Which once popular projects are about to die
In addition to the well-known examples mentioned above, there are other protocols that have gained significant attention for a short period of time, but then saw a significant decline in user activity, transaction volume, or related data. These projects are not fringe projects. At their peak, they also led the market narrative and attracted strong attention. This section focuses on some of these cases.
Blast
Blast peaked at 900,000 MAUs during the points-driven boom in July 2024. Currently at around 120,000 MAUs, the revenue narrative quickly died as user points fatigue set in.
Scroll
At the peak of the zkEVM hype, Scroll had 1.2 million monthly active users, but is currently around 111,000. Scroll is still up and running, but the novelty is wearing off as infrastructure shifts to a performance-first narrative.
Starknet
Starknet once had $1.6 billion in bridge deposits, but currently stands at around $390 million. Some developer loyalty remains, but mainstream adoption has been slowed by cost and tooling friction.
Renzo Protocol
Renzo’s monthly active users peaked at 155,000 and are currently slightly below 19,000. Although it still has influence in the liquidity re-staking track, its brilliance has been overshadowed by the more powerful EigenLayer ecosystem participants.
Sushiswap
Sushiswap peaked at $11.3 billion in trading volume.

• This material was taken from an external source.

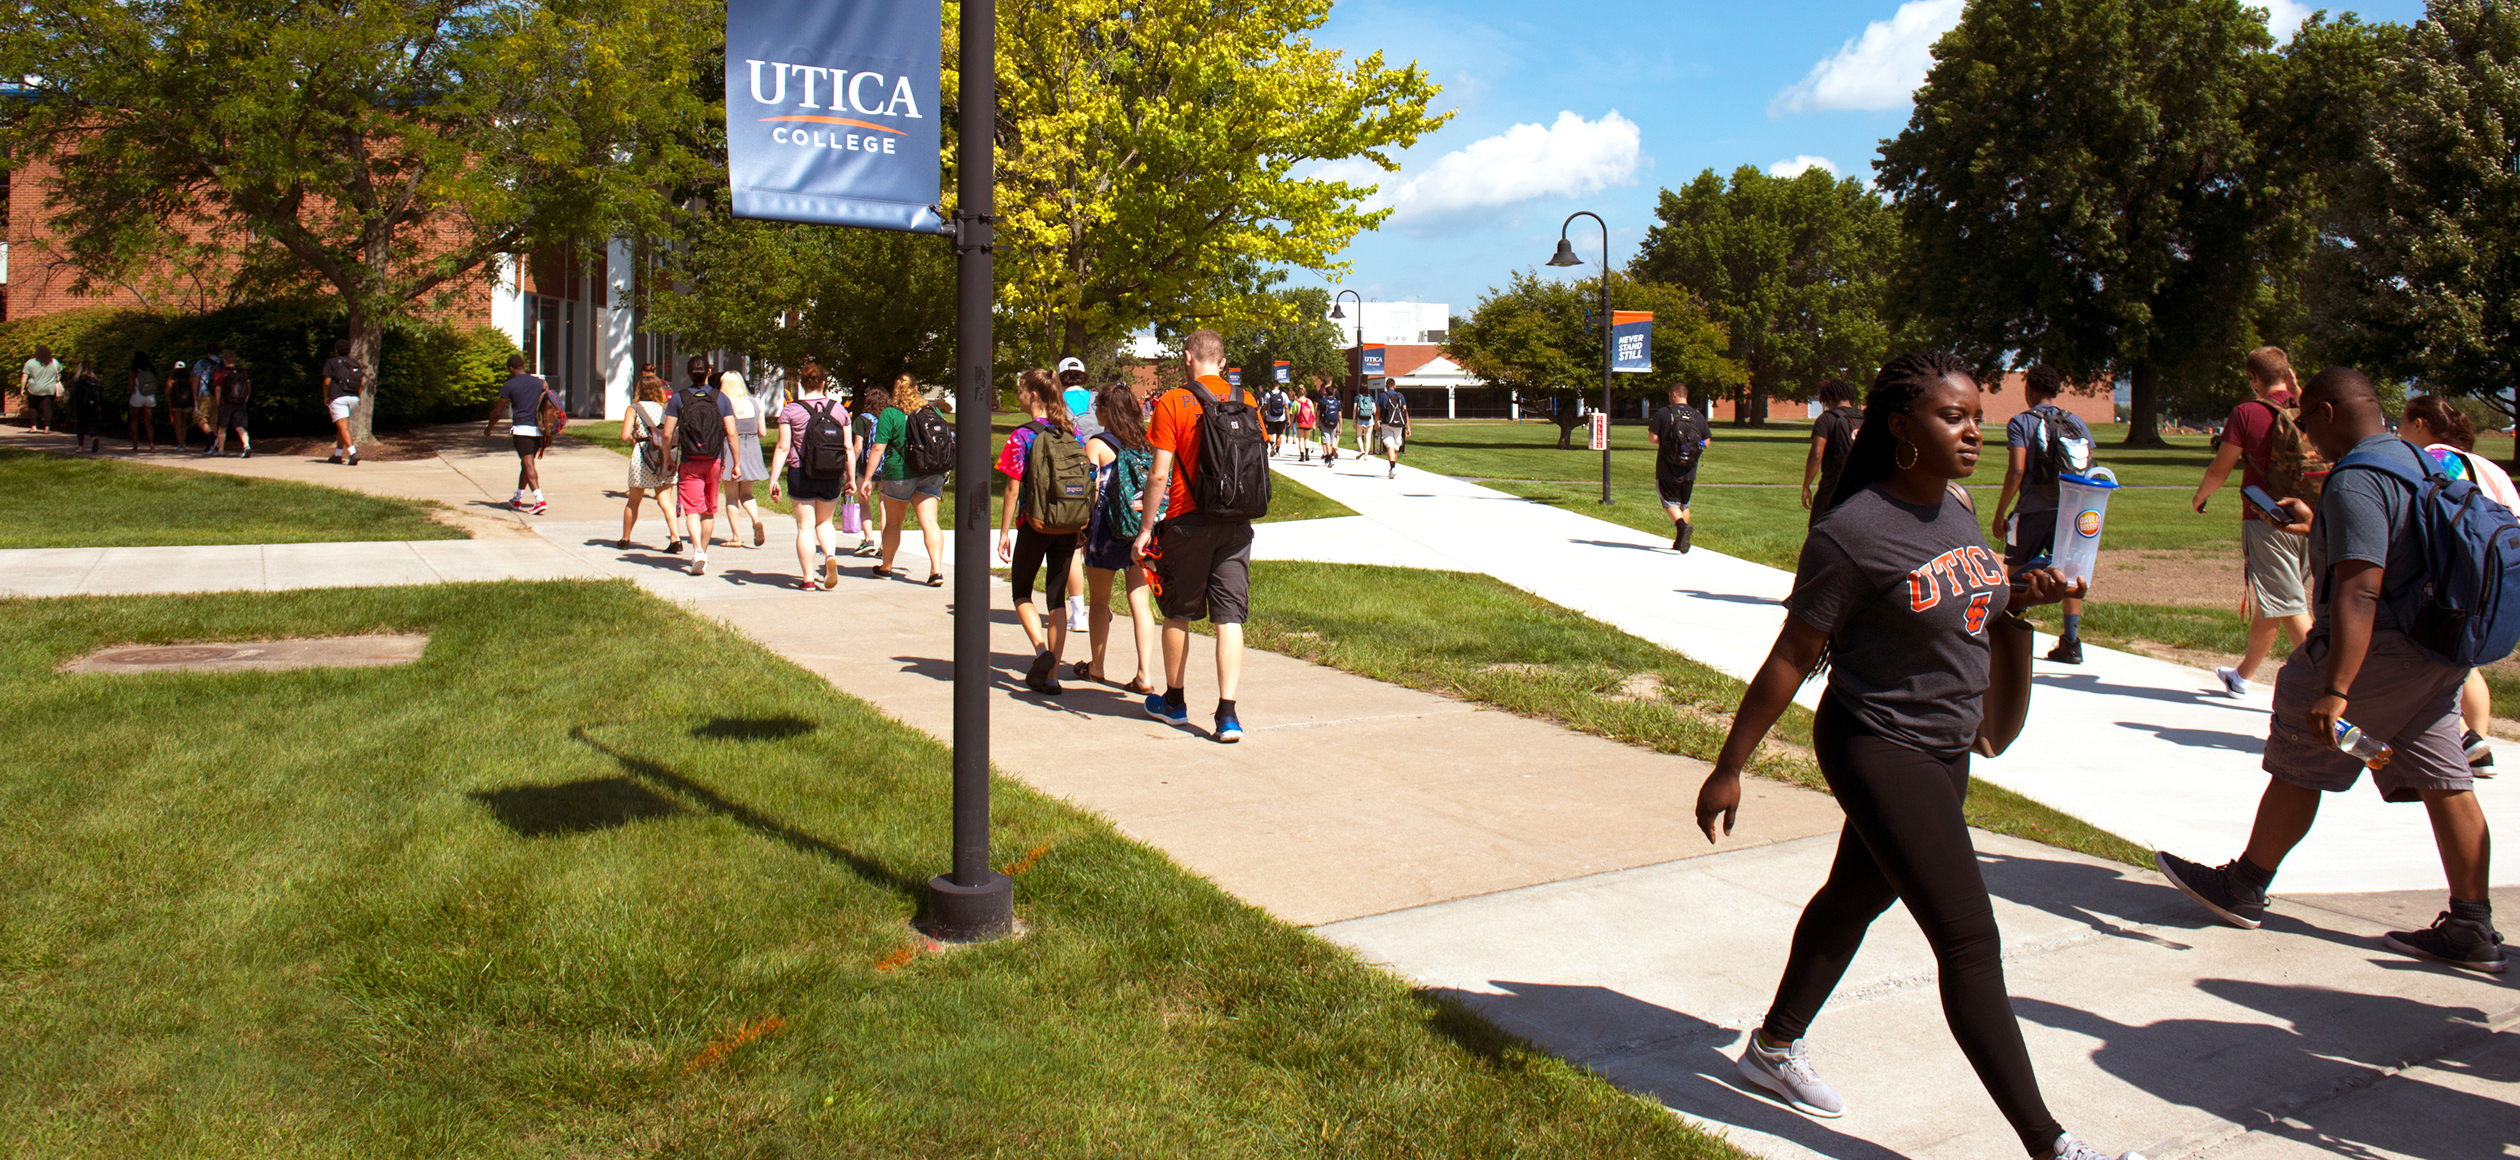 The Applied Ethics Institute at Utica University - Ethics & Public Policy Newsletter - January 2016

Current trading volume is around $200 million. This is a cautionary tale that shows that fragmentation, governance expansion, and competition from centralized exchanges (CEX) will all weaken the advantages of first movers.
Each of these protocols was once considered an industry leader. While some are still active, their data suggests a shift in how users interact with them today. Is this decline due to changing market conditions, evolving narratives, or simply stronger market forces? The lesson remains the same: early momentum does not correlate with long-term project survival.
in conclusion
In web3, most narratives don’t die, they just stop being talked about. The projects in this article were chosen not because they failed, but because they were relevant for a short period of time. While they did fail, it wasn’t because they lost funding or users, but because they lost narrative momentum — the hard-to-measure force that turns products into action.
The deeper pattern is in the emotional arc of belief. When this arc flattens, users leave, not because they are disappointed, but because there is no longer a reason to stay.
This is why long-lived projects in web3 are so rare. To last, a protocol needs to be not only usable, but narratively vibrant. It needs to provide more than just benefits or tools, but identity, possibilities, and a reason to “come back tomorrow.”
The next narrative breakthrough of web3 will not only come from solving certain problems, but also from some kind of meaning. And those projects worth paying attention to are also quietly building after the hype, waiting for their second moment.